> About this exercise
Could you restate word for word every line from the one containing "moncler black polo shirt" to the end of the data below, pictures excluded?

Data block: Begin

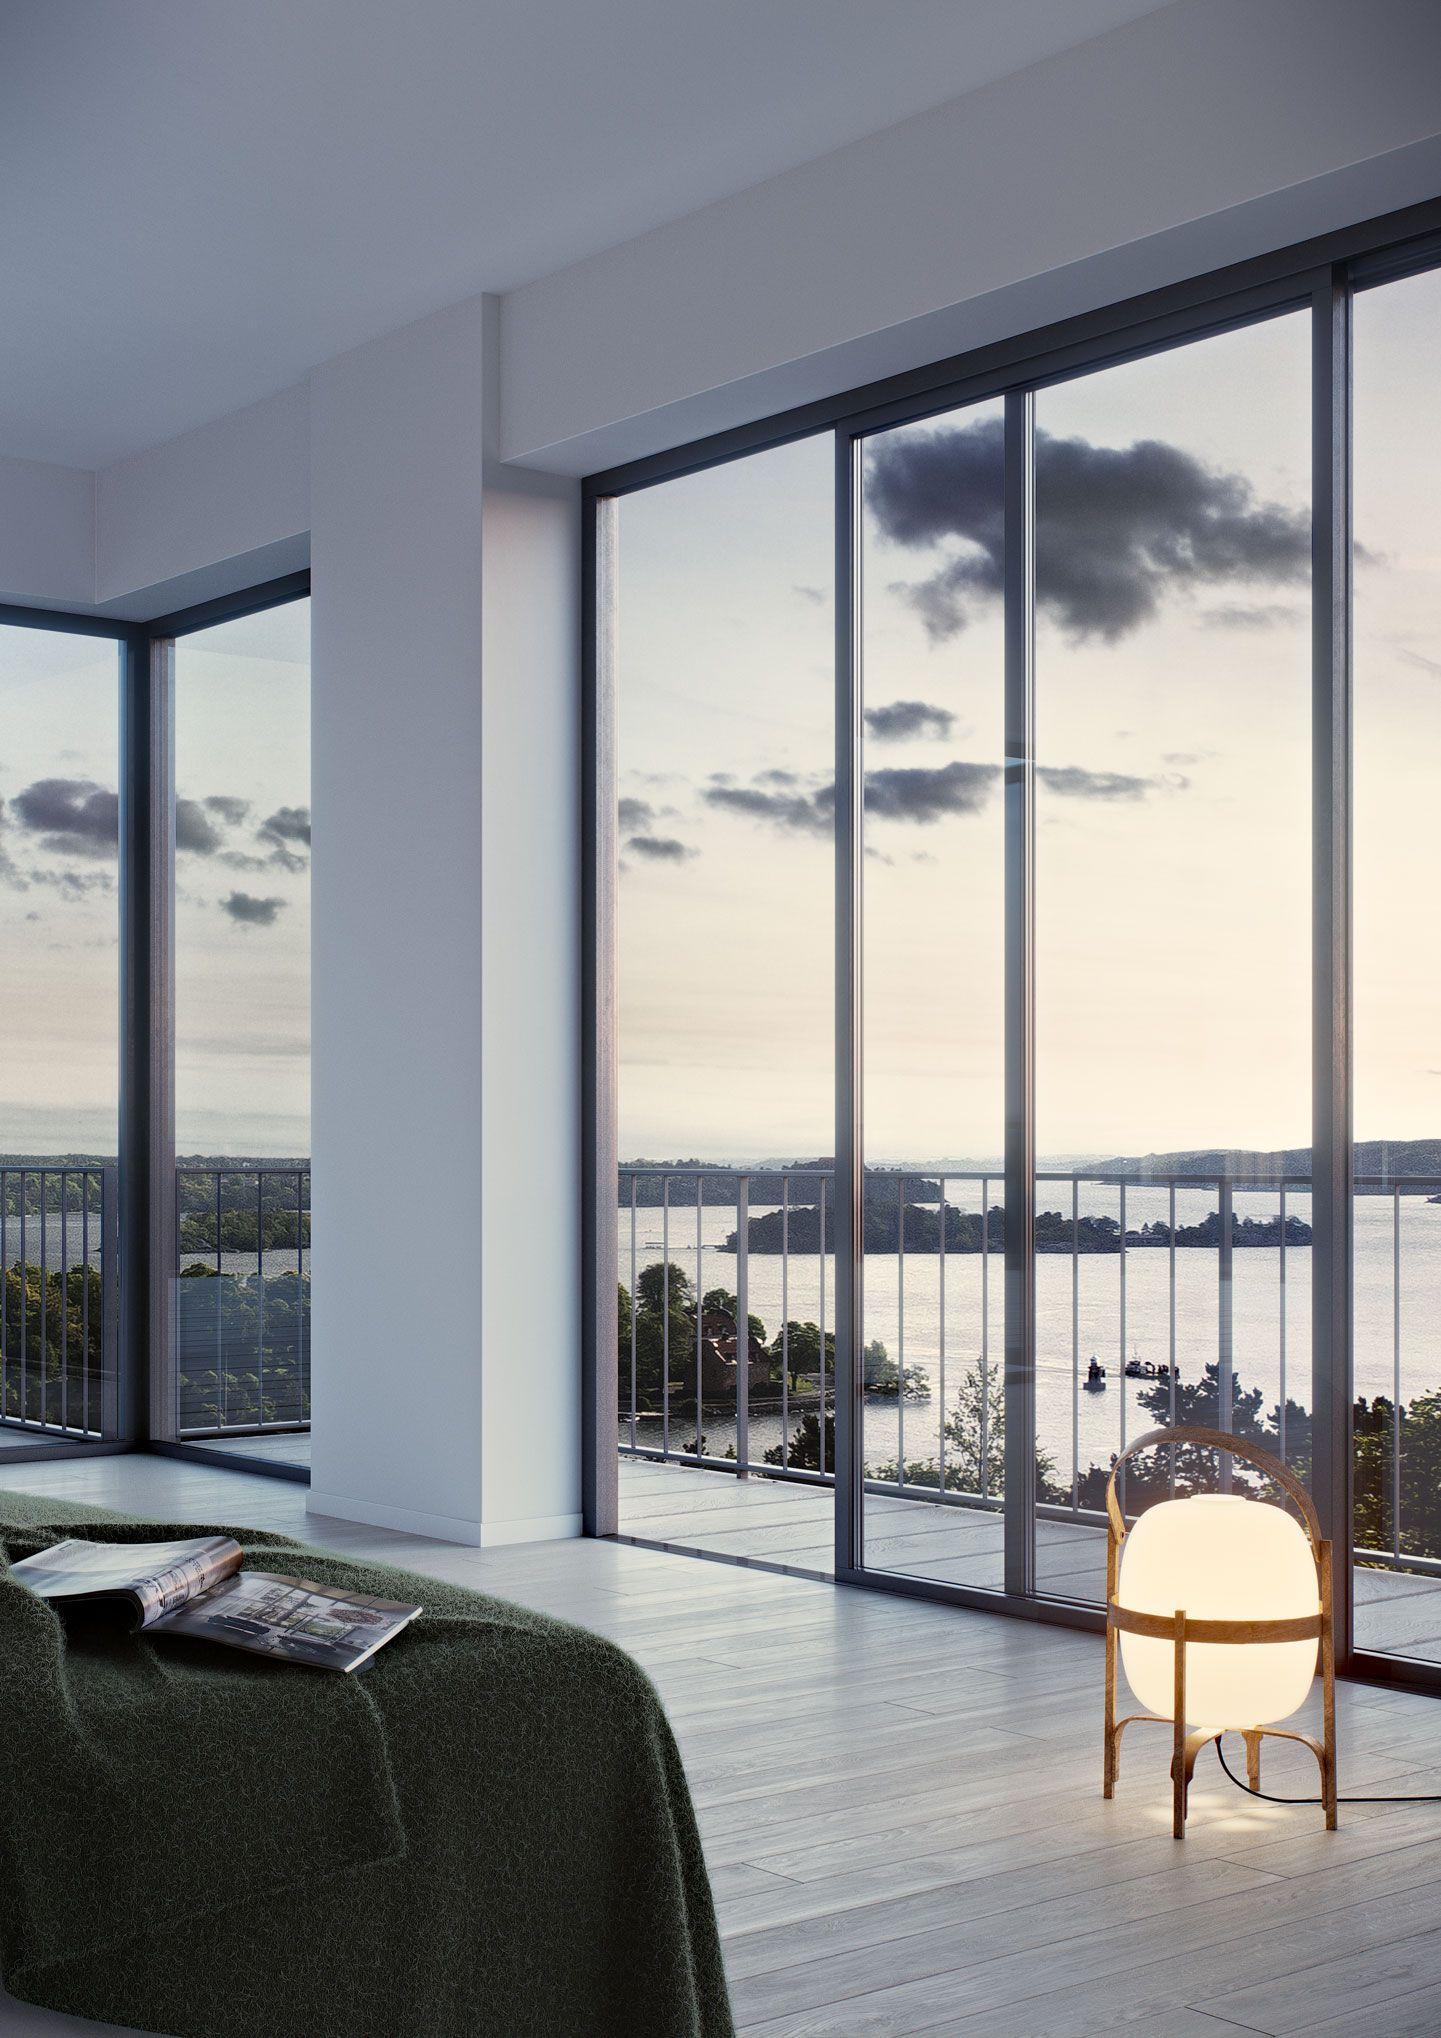 Oscarproperties oscar properties stockholm interior for Window design 2018
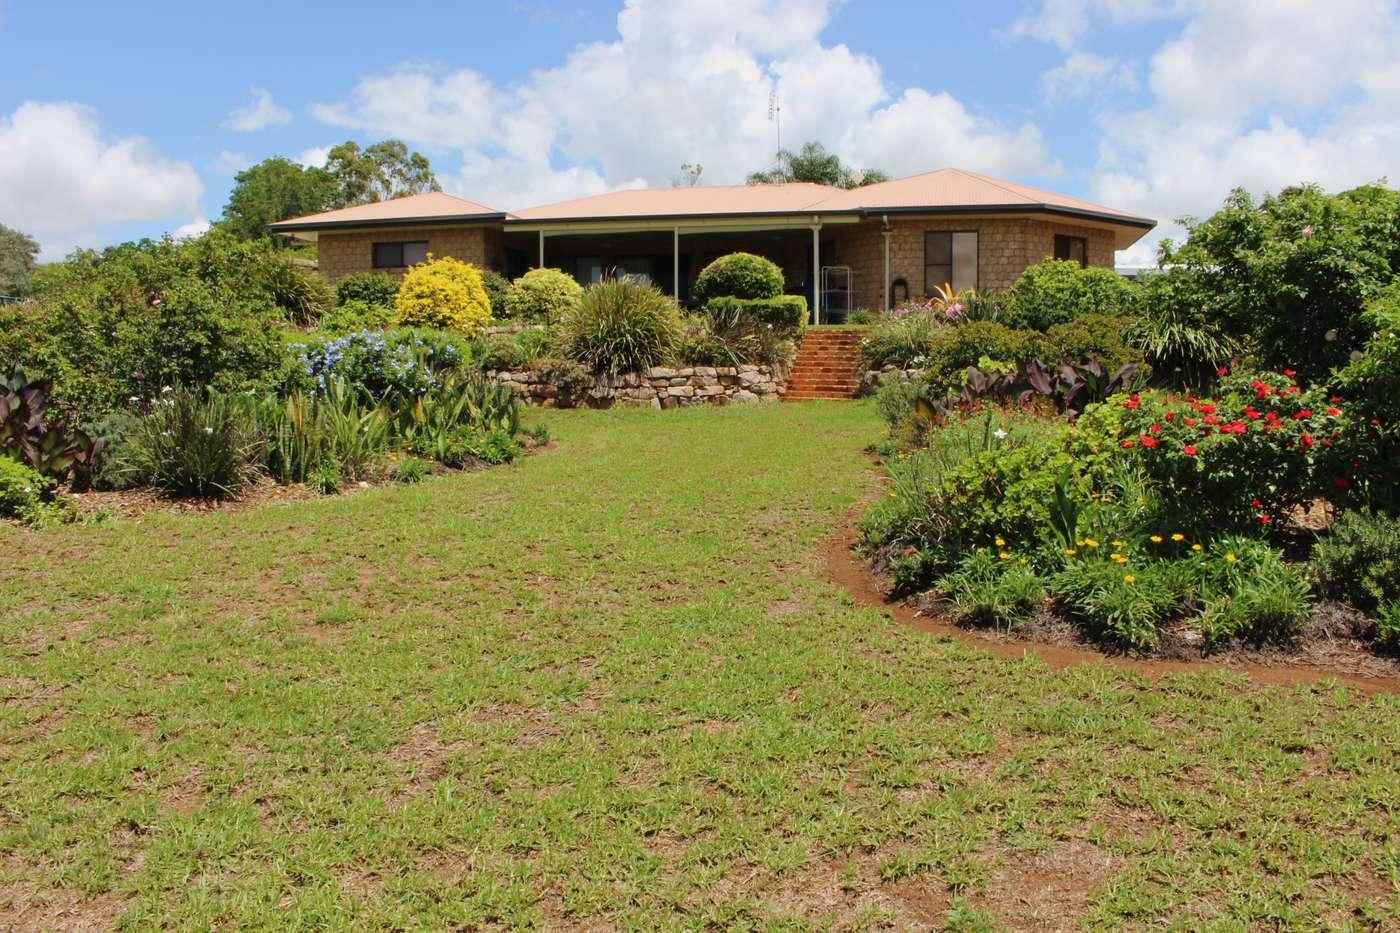 Main view of Homely house listing, 34-36 MACAULAY DRIVE, Kingaroy, QLD 4610
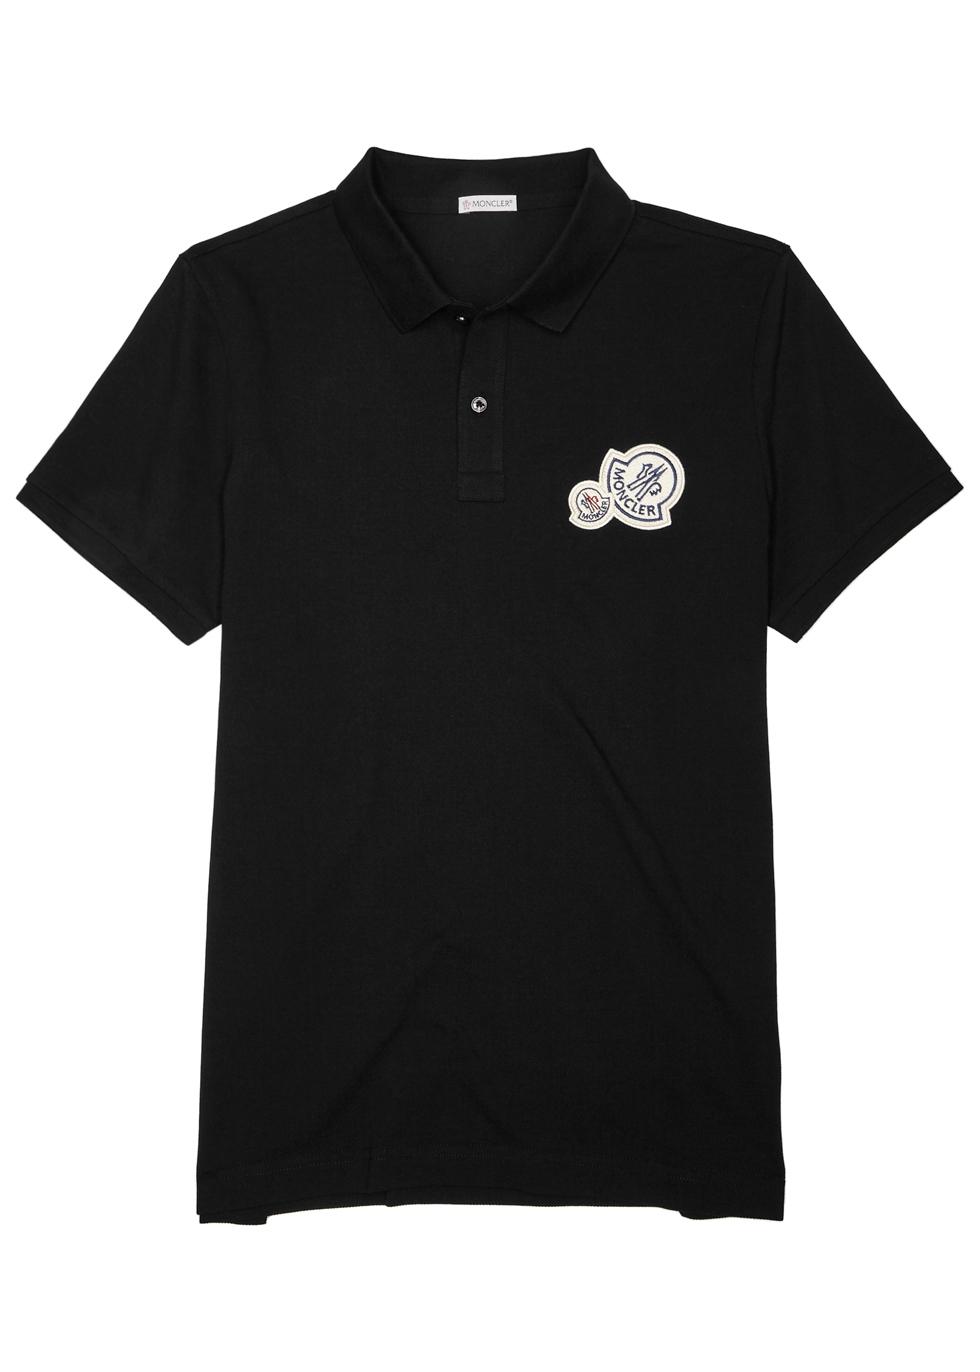 moncler black polo shirt
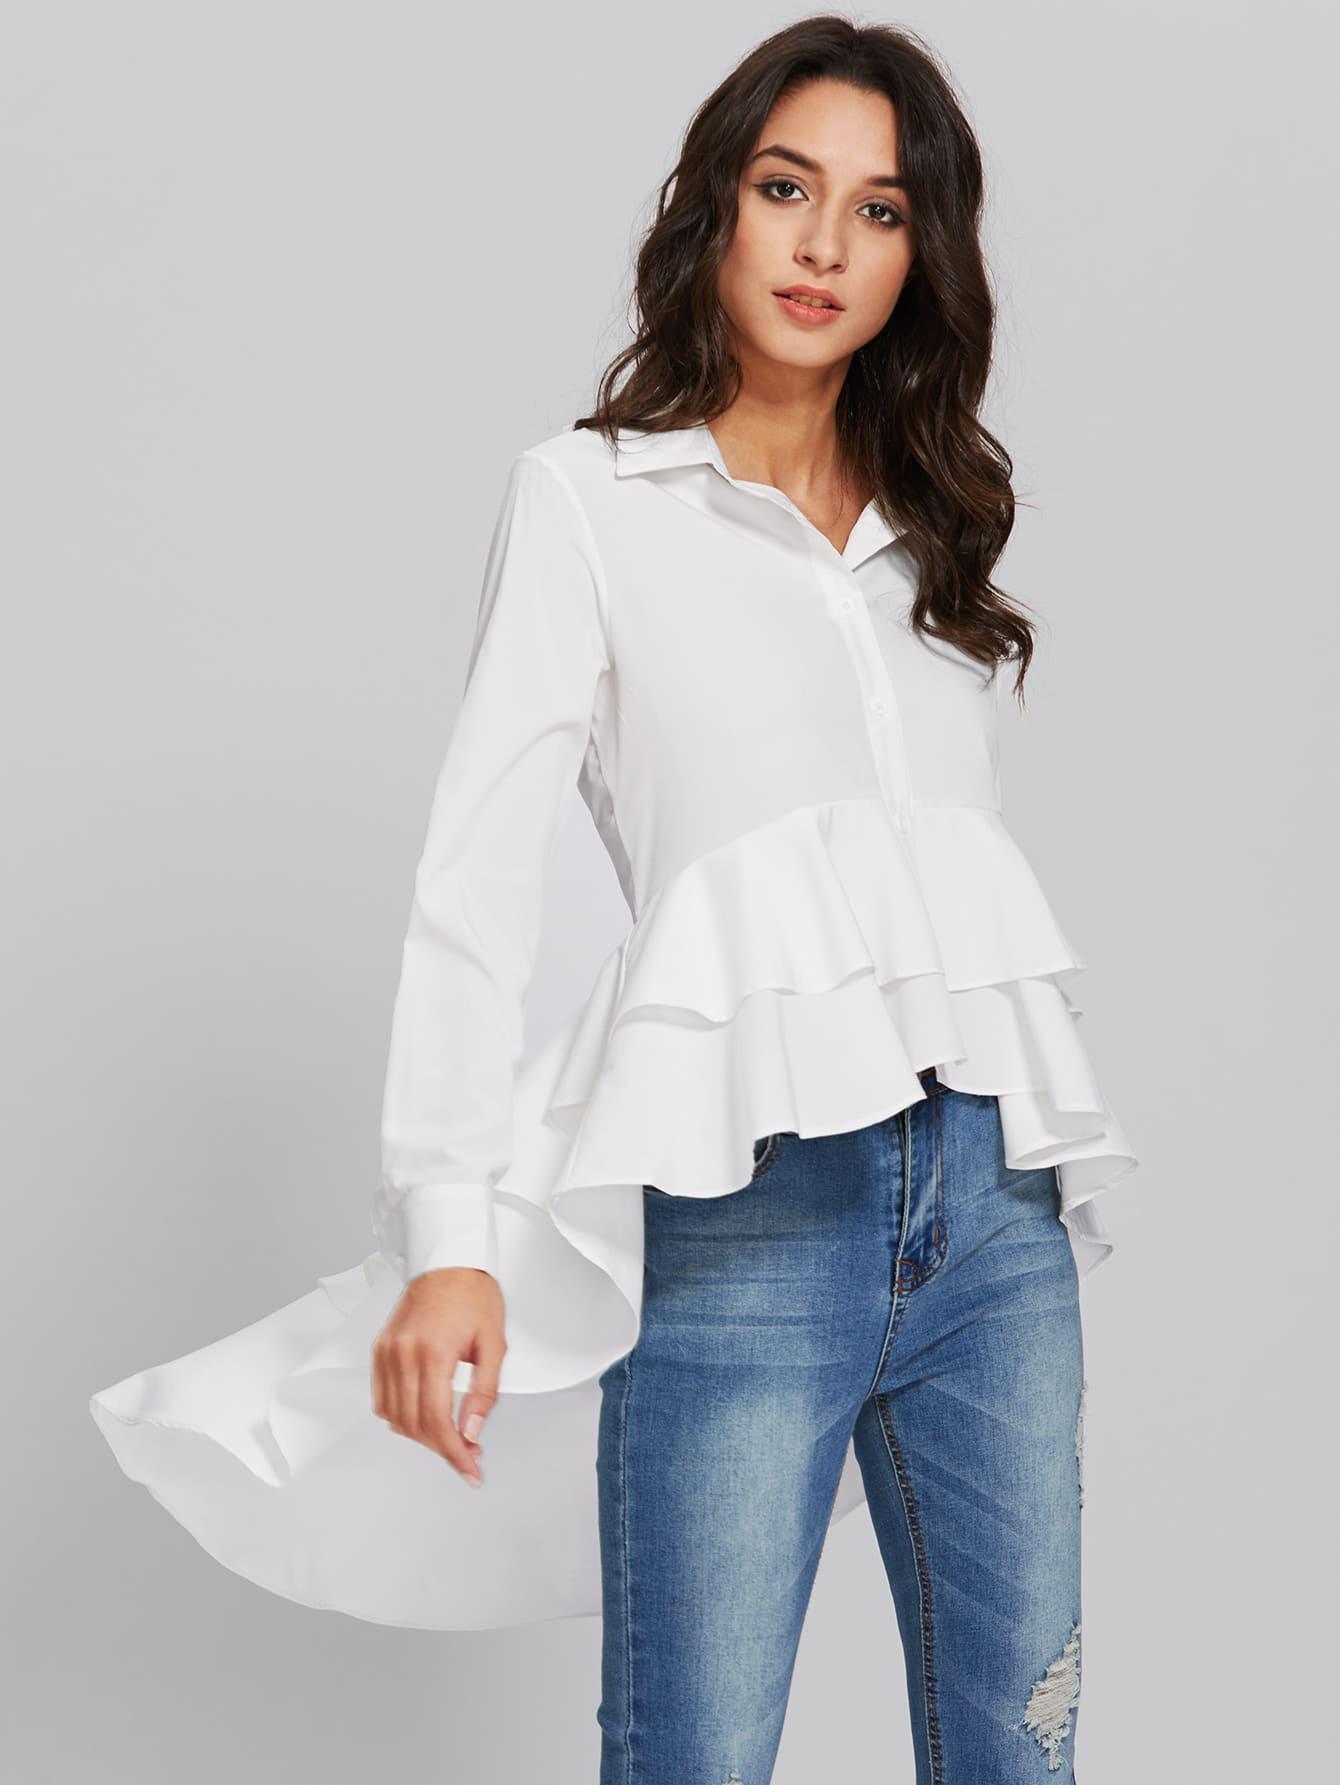 Dip Hem Frill Layered Shirt black one shoulder frill layered design jumpsuit

Data block: End

> The completed task
 moncler black polo shirt
 Dip Hem Frill Layered Shirt black one shoulder frill layered design jumpsuit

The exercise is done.